After a heavy night‘s sleep of exhaustion in the yacht harbour of the Krefeld Segler Vereinigung I got up bright and early at first light and made my way in less than two hours to the spot on the Rhine, which I recognized without problem. It was a kind of bay between two breakwaters, about 50m in length. I must have buried the anchor somewhere in the middle; but how close to the bank? Besides the anchor we had left a 5m length of chain and a considerable length of rope behind, all of which was now of course under water, hidden by the ice cold, murky brew of the Rhine. Nothing could be seen, my only chance was a careful, methodical search by feel with my toes. Again into my swim trunks and again into the biting flood. I decided on a stretch of about 20m, which I slowly waded through , roughly 3m from land and parallel to it – nothing. So back again along a line now maybe 5m from shore – still nothing. Each line took easily 10 minutes and by now I was frozen blue and shivering badly. I knew that in this way I must sooner or later come across with my toes either anchor, chain or rope. But was it possible that I had already missed it? Or that it lay above or below the stretch I had decided to search? Or that I had altogether mistaken the place after all? The one certain thing was that very soon I would have to get out of the water either to warm up again or to give up the whole venture. But I had to find my anchor! So I clenched my teeth and started on a third line, now say 7m out.
And pretty much exactly in the middle of my 20m stretch I hit the chain!
Three or four hours later I was back at the boat, tired and with a bruised back from the heavy anchor in the hardly padded rucksack, but happy.

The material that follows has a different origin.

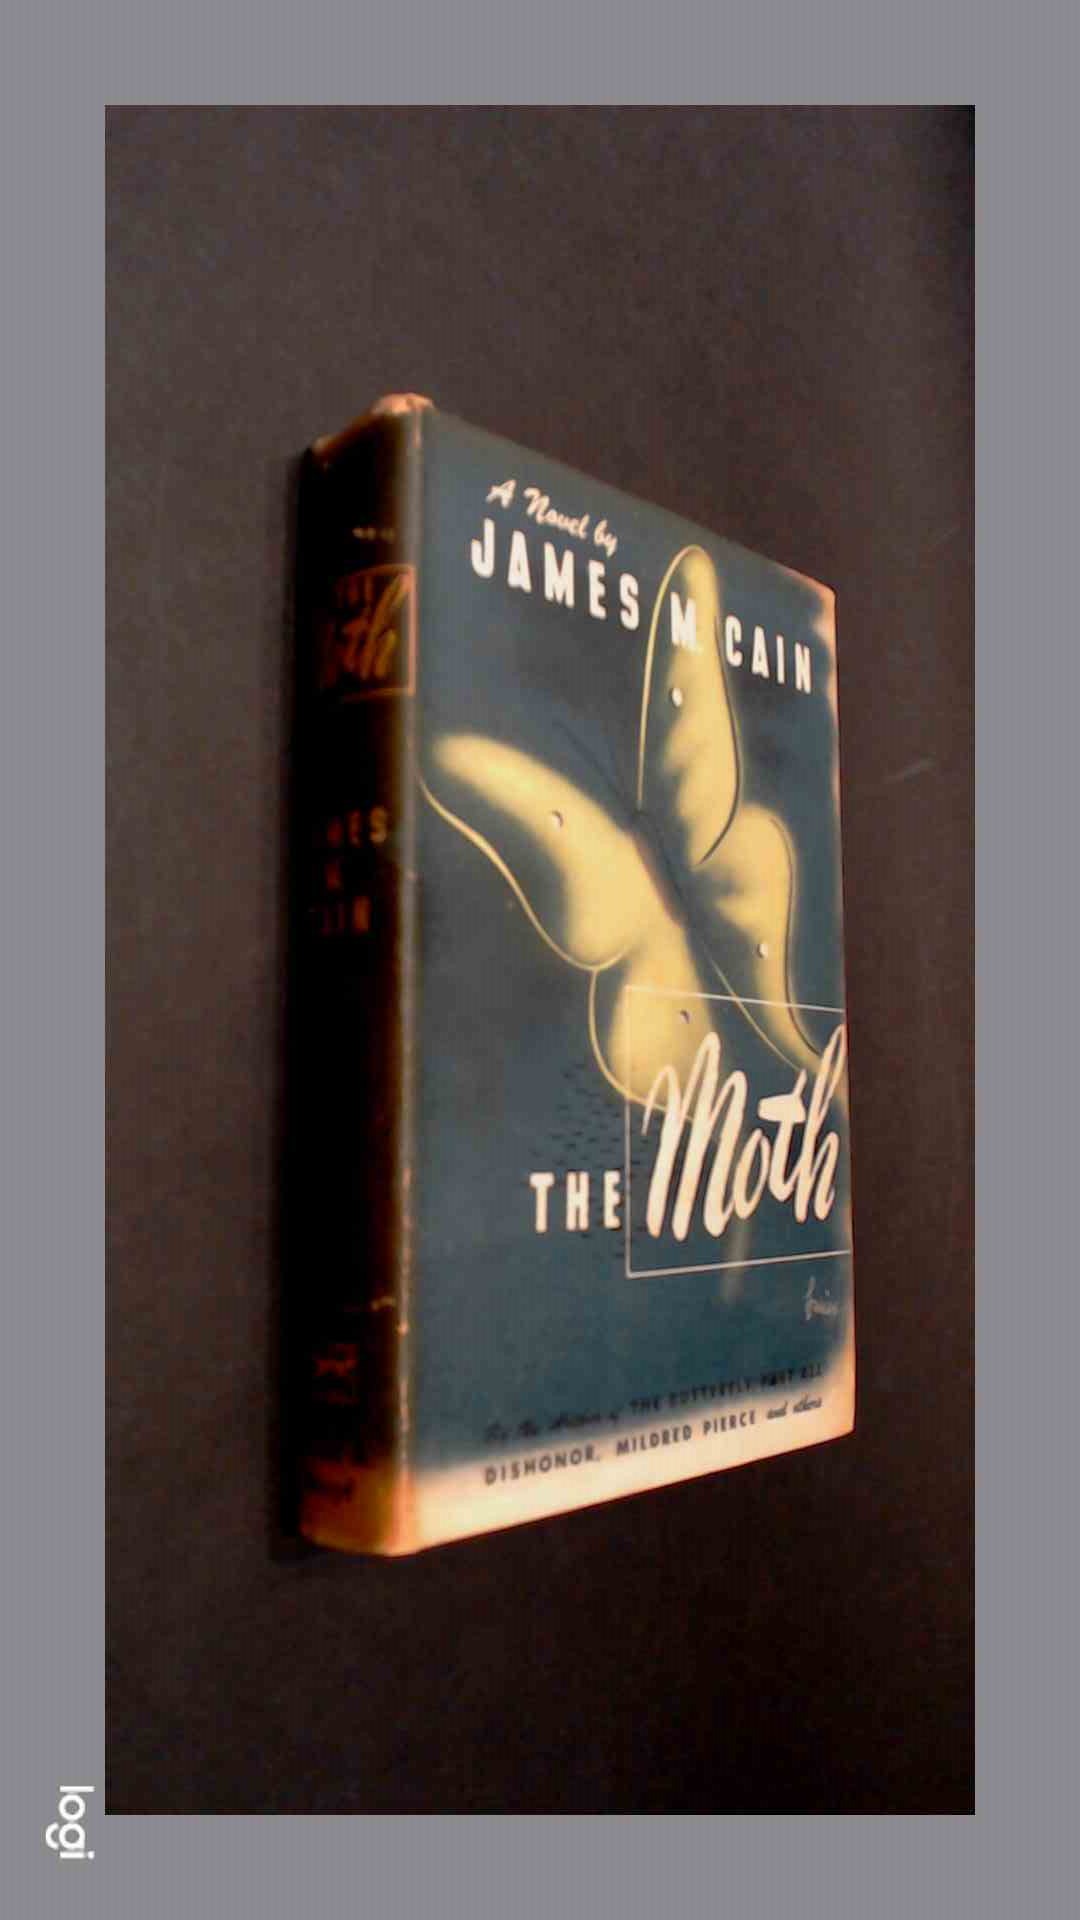 CAIN, JAMES M. - The moth

Behind the clubhouse Erhard, the harbour master, was busy shifting boats with his little tractor and when he stopped for a moment, I told him our story of woe. He looked straight at me with his clear blue eyes through his spectacles and said slowly: „We’ll have a look“. And sure enough five minutes later he was at the boat. It turned out that with Erhard we had stumbled across an expert on boat engines. Within ten minutes he had identified the problem: the oil in the automatic transmission between engine and propeller shaft heats up in operation and expands. A valve allows some of the air above the oil, that is thereby compressed, to escape, but somebody, for obscure reasons, had solidly blocked this valve. The oil pressure in the transmission must have risen to tremendous levels, forcing the oil out through any slightest weakness in the sealed system. And this weakness it had found in the fittings of the comparatively soft copper piping to the oil cooler and back to the transmission again. When Erhard tried to drain the oil, barely a drop came out, the rest was gone. We had run the engine hard against the current of the Rhine, basically without transmission oil, dry, thereby destroying the transmission.
Erhard was 72 years old, a little man, but extremely compact, a bit like a gnome, almost broader than high. He was wonderfully good-natured and unbelievably strong with enormous hands like vises. He found us a replacement transmission and swapped it with the original one, each weighing 85 kg, within a few days, and charged us less than 1000 Euro for a repair that would normally have cost maybe five times that and taken several weeks at least.
Erhard made sure that SULINA was now ready at last to manage the remaining 650 km to Strasbourg without any further mishaps.